9. create a file in your github repository called circle.yml and add the following lines. An easy way to do this is to use the "Create new file" button on the github page, which will take you to an editor where you can create the file and then save and commit it with one click.
dependencies: pre: - sudo apt-get update && sudo apt-get -y install r-base test: override: - Rscript somecode.R
10. if you created it using the editor on github, then you should pull that change so that your local repository is in sync with github.
git pull origin master
if you instead created the circle.yml on your own computer using a text editor, then add to repo and commit and push to github
git add circle.yml git commit -m"initial add" git push origin master
11. next we have to hook this up to the CircleCI continuous integration system
- go to CircleCI and log in using your github account
- click on the "Projects" button (with the + sign)
- Choose your github account, and then click on the "build project" button for your repo
- It will then take you to a page showing the status of the build. for an overview, click on the "builds" button which will take you to a list of builds.
After a couple of minutes it should show that the build succeeded
12. Have a look at the git log to see what we've done so far, by typing this into the terminal window:
We were a bit surprised that there is no relation between age and conspiracist thinking, so let's have a closer look at the data
13. add the following code to the end of somecode.R and source the file in RStudio
# R code plot(df$age,df$conspiracist_avg)
14. Then commit the changes to the git repo.
git add somecode.R git commit -m"adding plot"
15. let's say that we decided that we don't want the plot in the file.

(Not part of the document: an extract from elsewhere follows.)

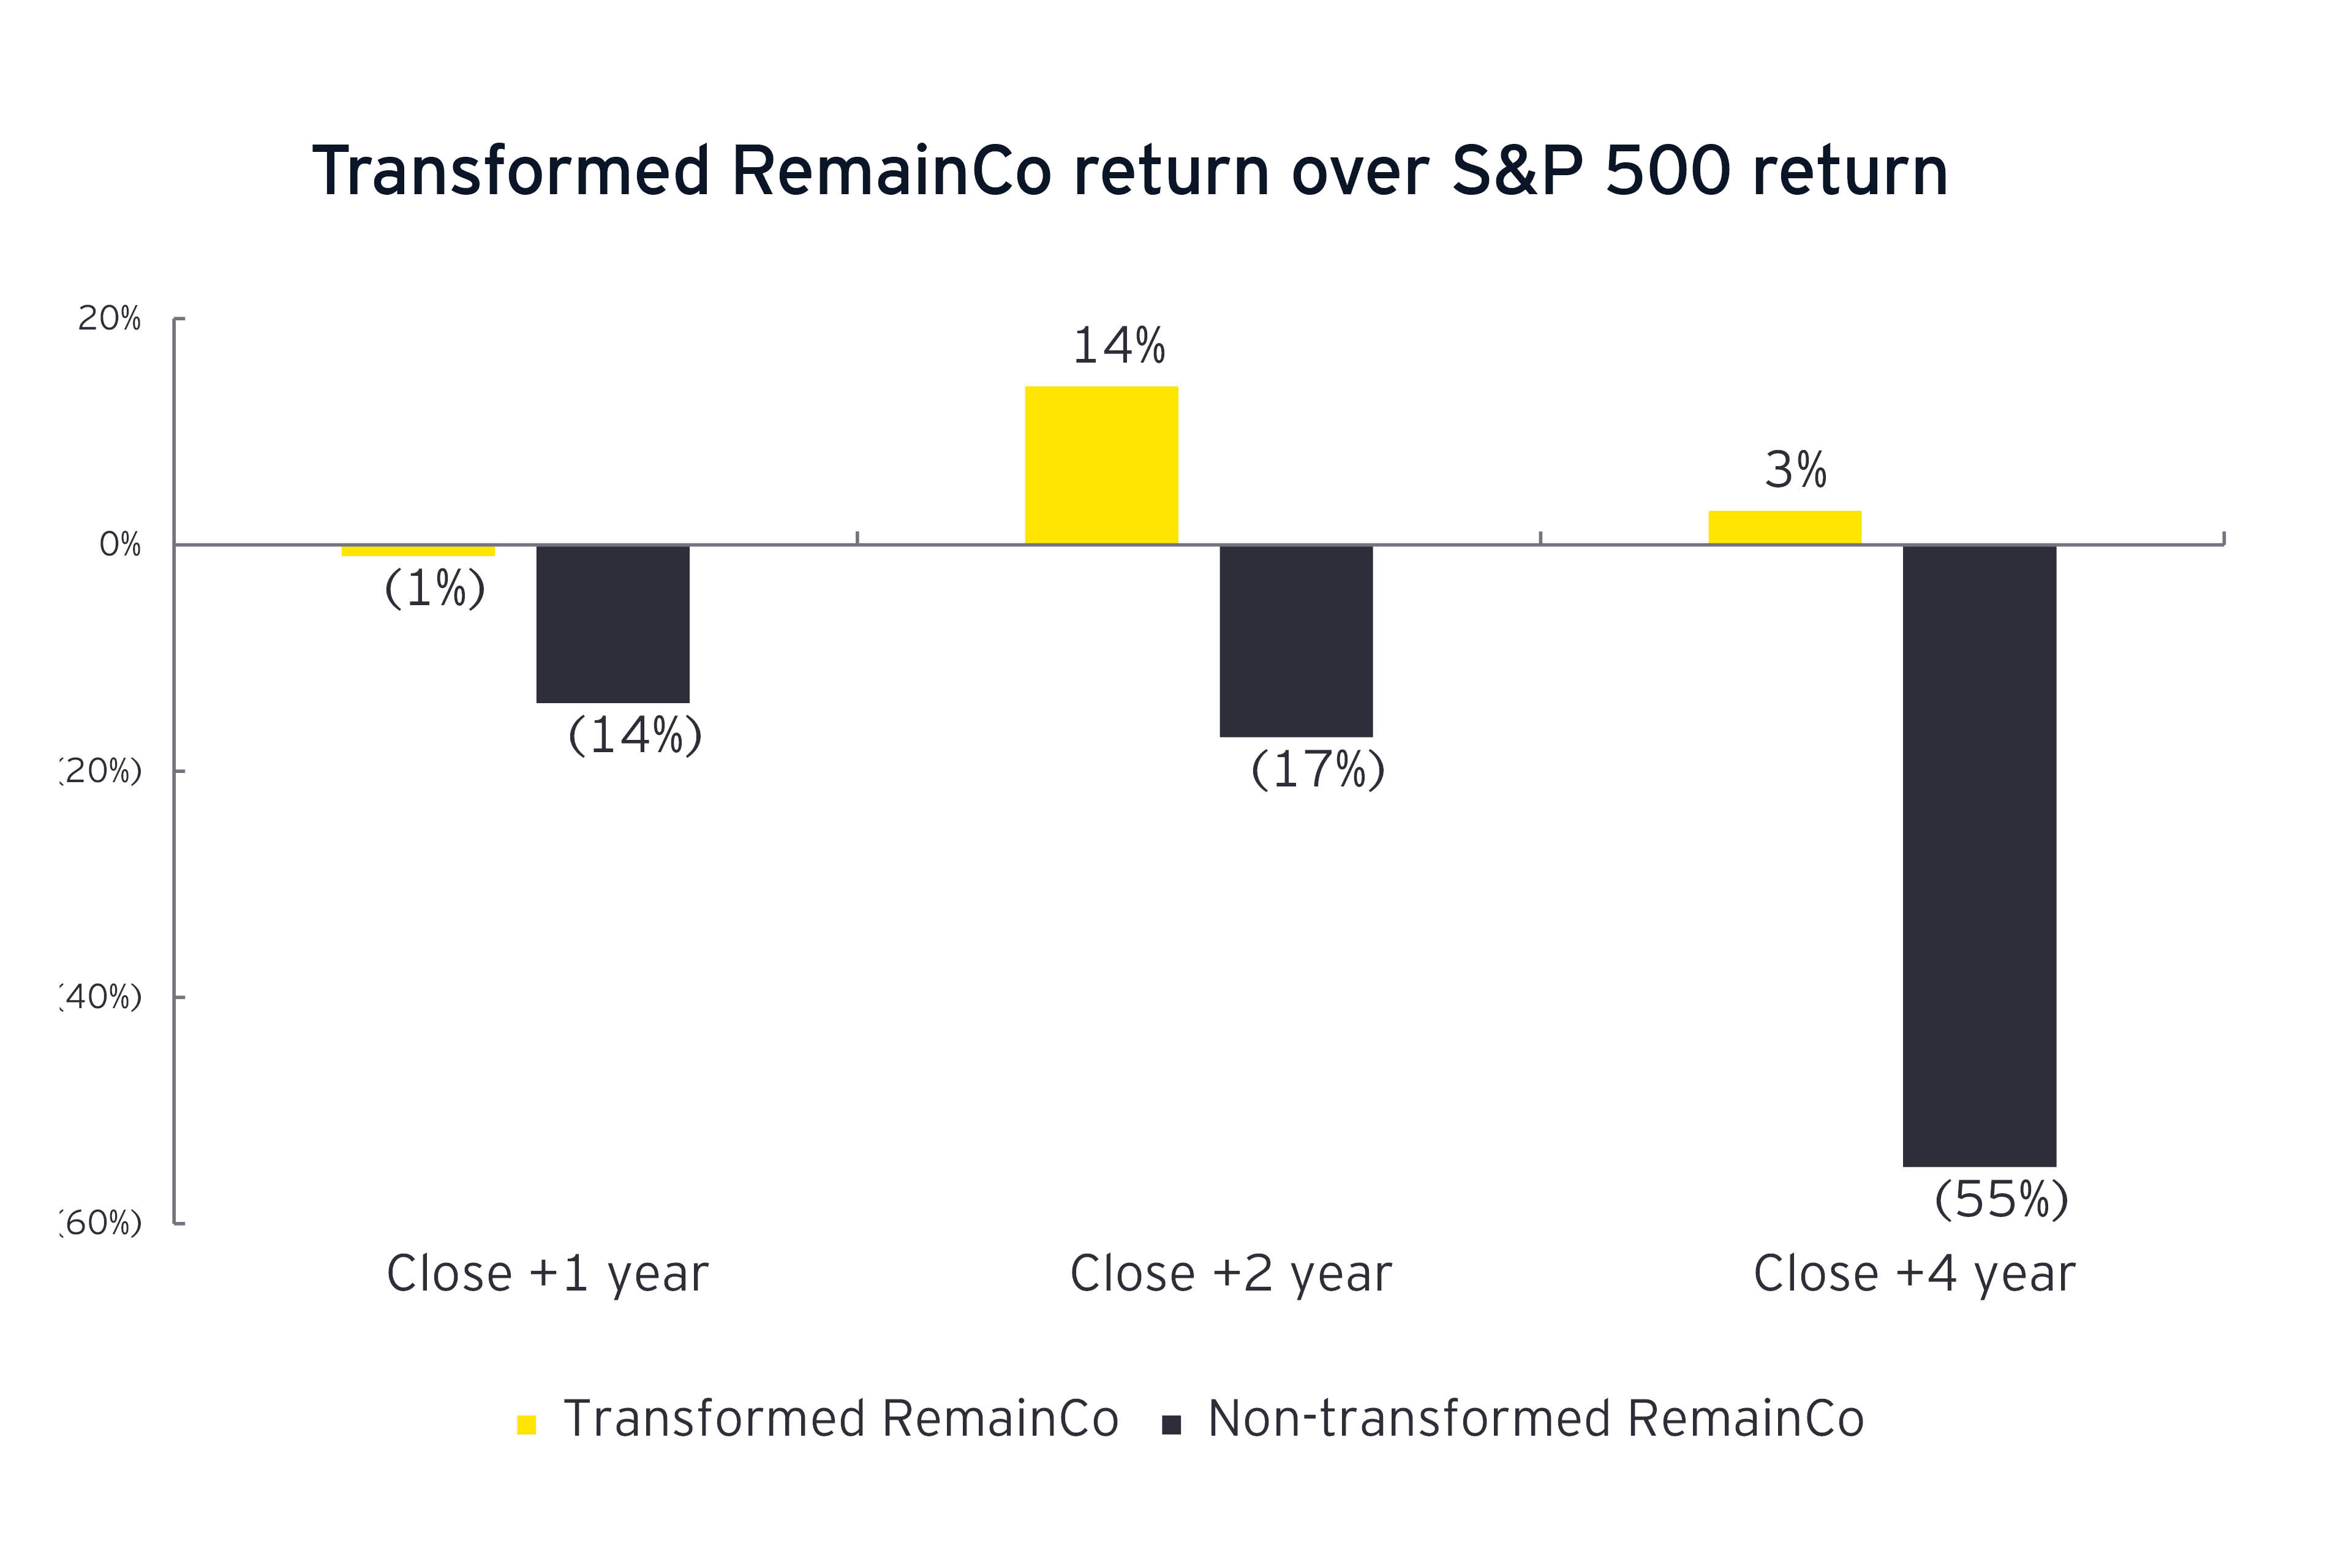 Transformed RemainCo return over S&P 500 return

We can go back to the previous commit:
git log to show the log of previous commits, which will give you the commit ID (a long alphanumeric hash) for the commit with the message "adding plot".
Then, revert that particular commit:
git revert <commit ID>
The change in the file should show up immediately in the RStudio editor window
It was clear from the plot that something is wrong: there is an outlier in the age distribution
let's first add a test to check for age outliers
in this study, subjects were supposed to be adults - let's say the reasonable range of adult ages is 18 to 120
16. add the following code immediately above the lm command in somecode.R:
# R code max_age=120 min_age=18 stopifnot(max(df$age)<max_age) stopifnot(min(df$age)>min_age)
17. When you source the file, you should see an error. Let's see what happens when we push this to github
git add somecode.R git commit -m"adding assertion test" git push origin master
a few seconds later, you will see that the automated test starts on CircleCI. a bit later you will see that the test fails due to the error
18. let's add some code to clean up the outliers
Just after the definition of min_age but before the assertion tests, add the following:
# R code df=subset(df,age>min_age&age<max_age)
20. push it back to github and check circleci again
git add somecode.R git commit -m"adding outlier removal" git push origin master
21. add a fancy badge to your github page to show off your new CI skills
- go to the builds page and click the gear next to your repo
- click on "status badges" and copy the text under "embed code"
- it will look something like
- In your github repository, create a new file called README.md, and paste this badge code at the top of the file.